REQUIRED WORK:
Leave the pictures out and repeat the rest of the data below exactly.

DATA EXTRACT:
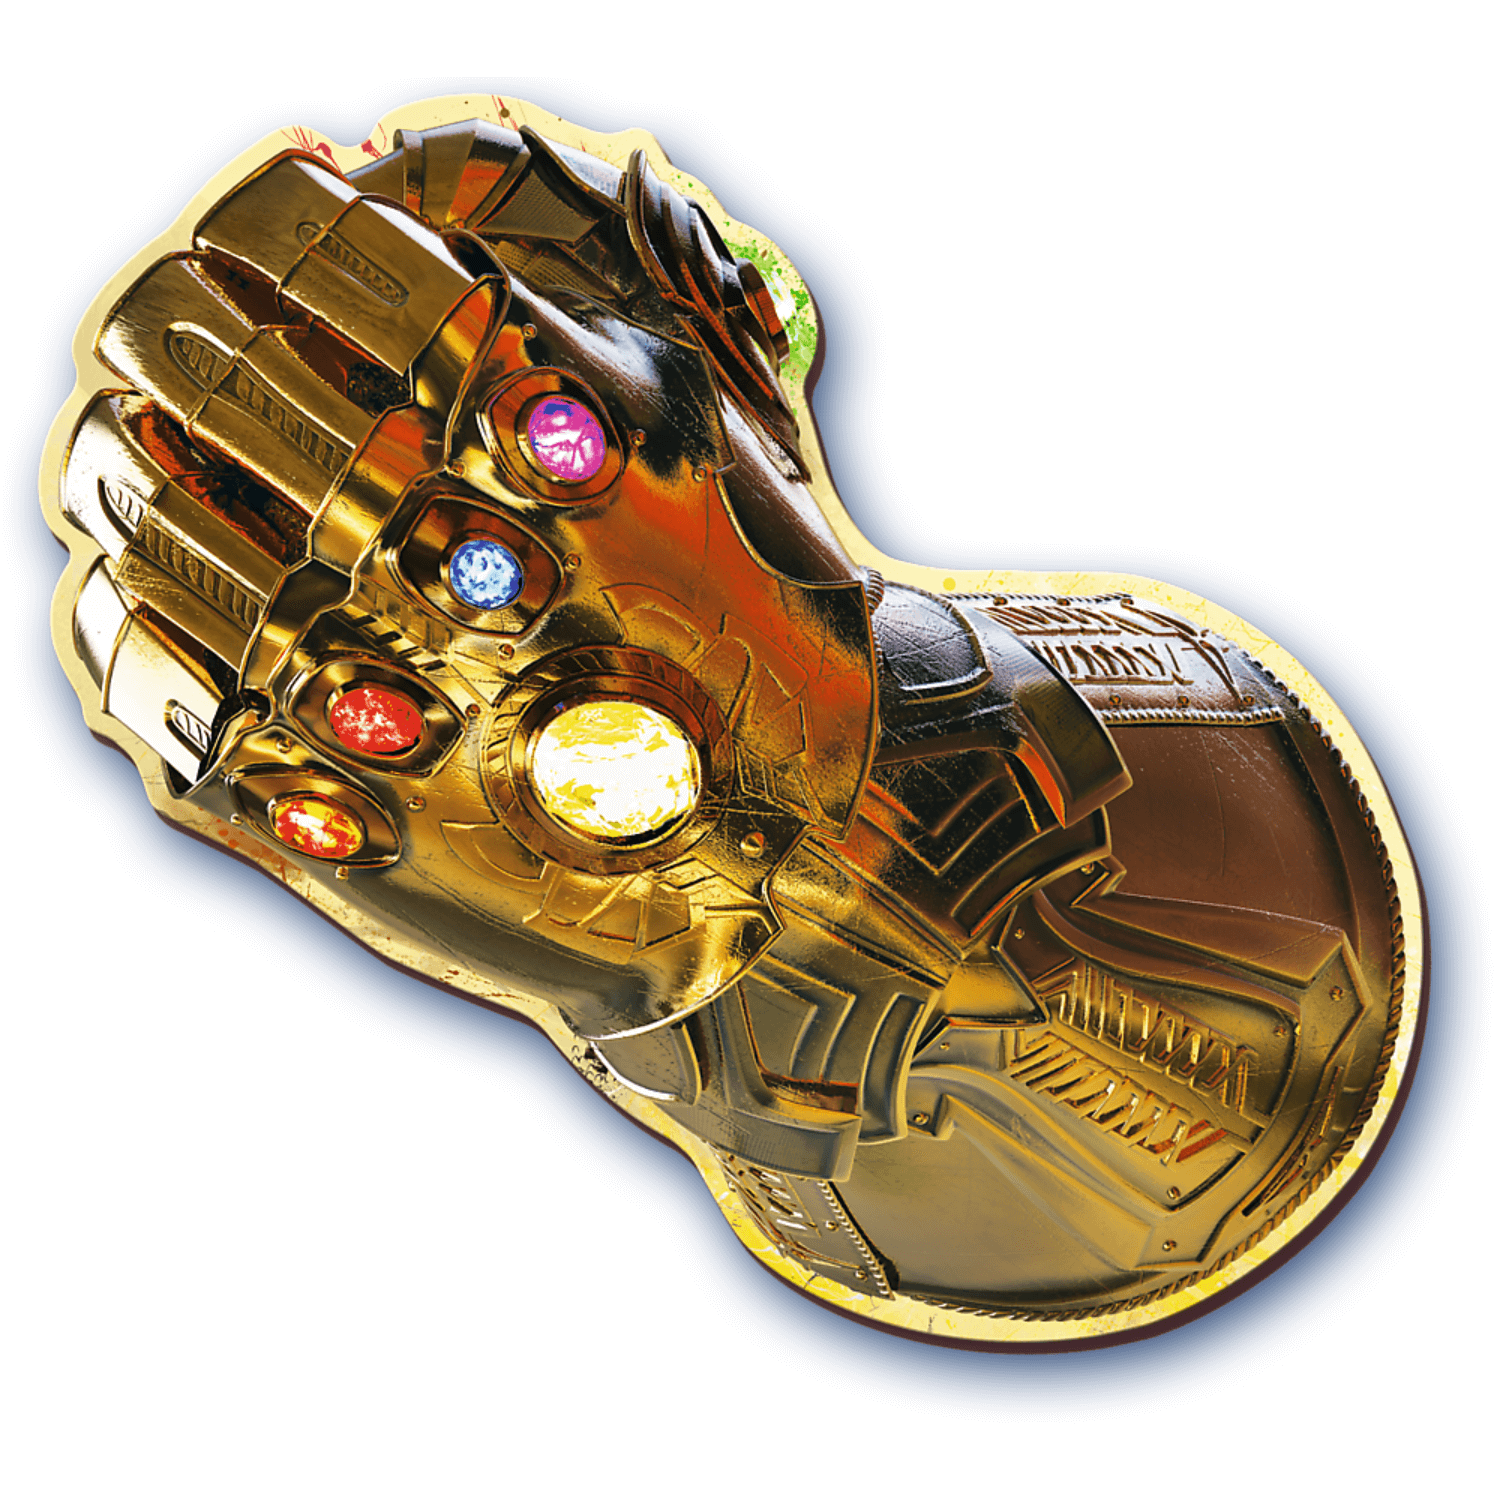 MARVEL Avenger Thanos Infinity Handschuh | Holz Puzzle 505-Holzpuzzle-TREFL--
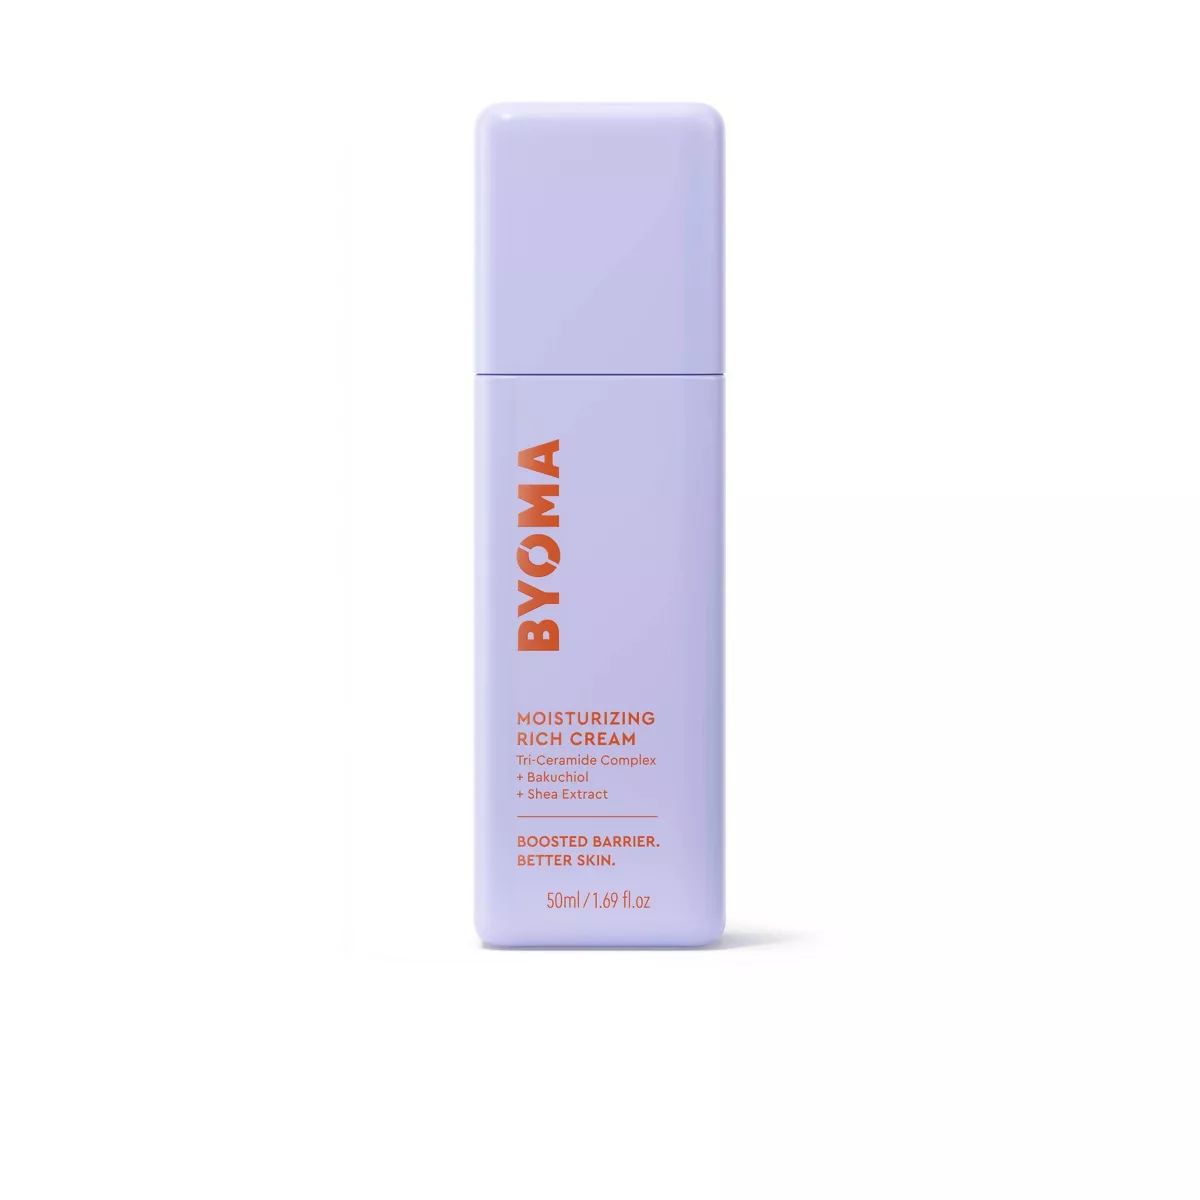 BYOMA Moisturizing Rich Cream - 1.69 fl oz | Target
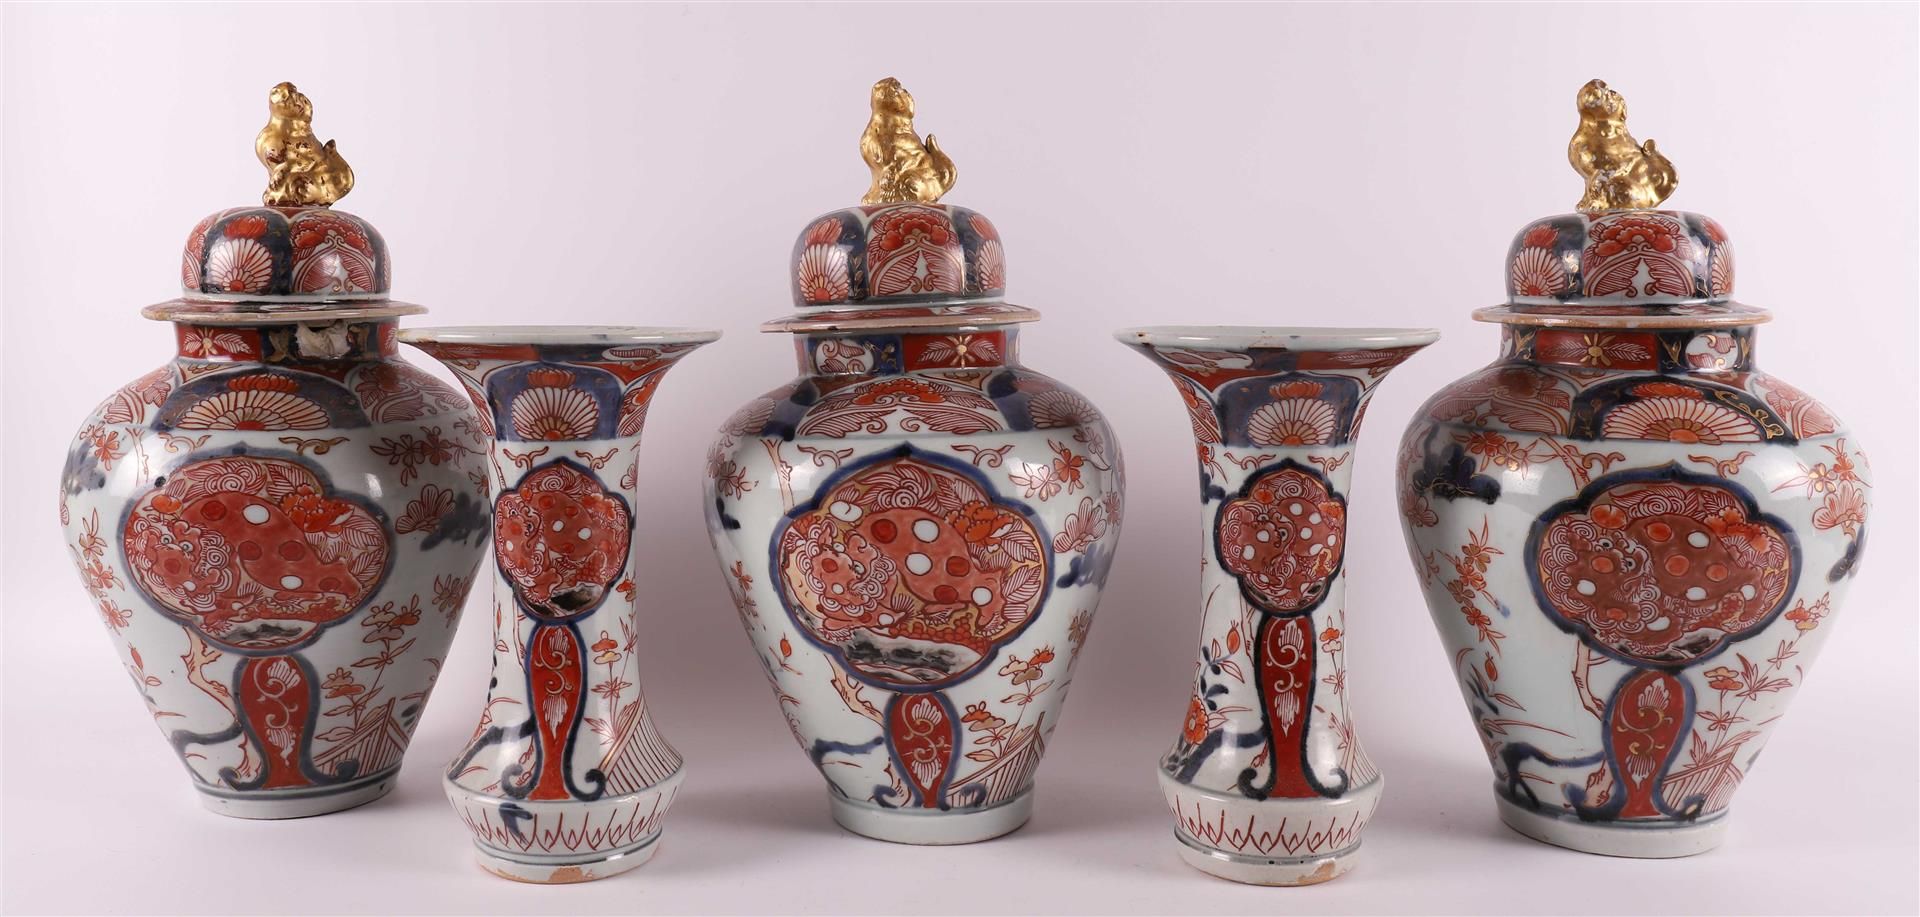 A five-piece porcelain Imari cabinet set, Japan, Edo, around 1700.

TASK RESPONSE:
 MARVEL Avenger Thanos Infinity Handschuh | Holz Puzzle 505-Holzpuzzle-TREFL--
 BYOMA Moisturizing Rich Cream - 1.69 fl oz | Target
 A five-piece porcelain Imari cabinet set, Japan, Edo, around 1700.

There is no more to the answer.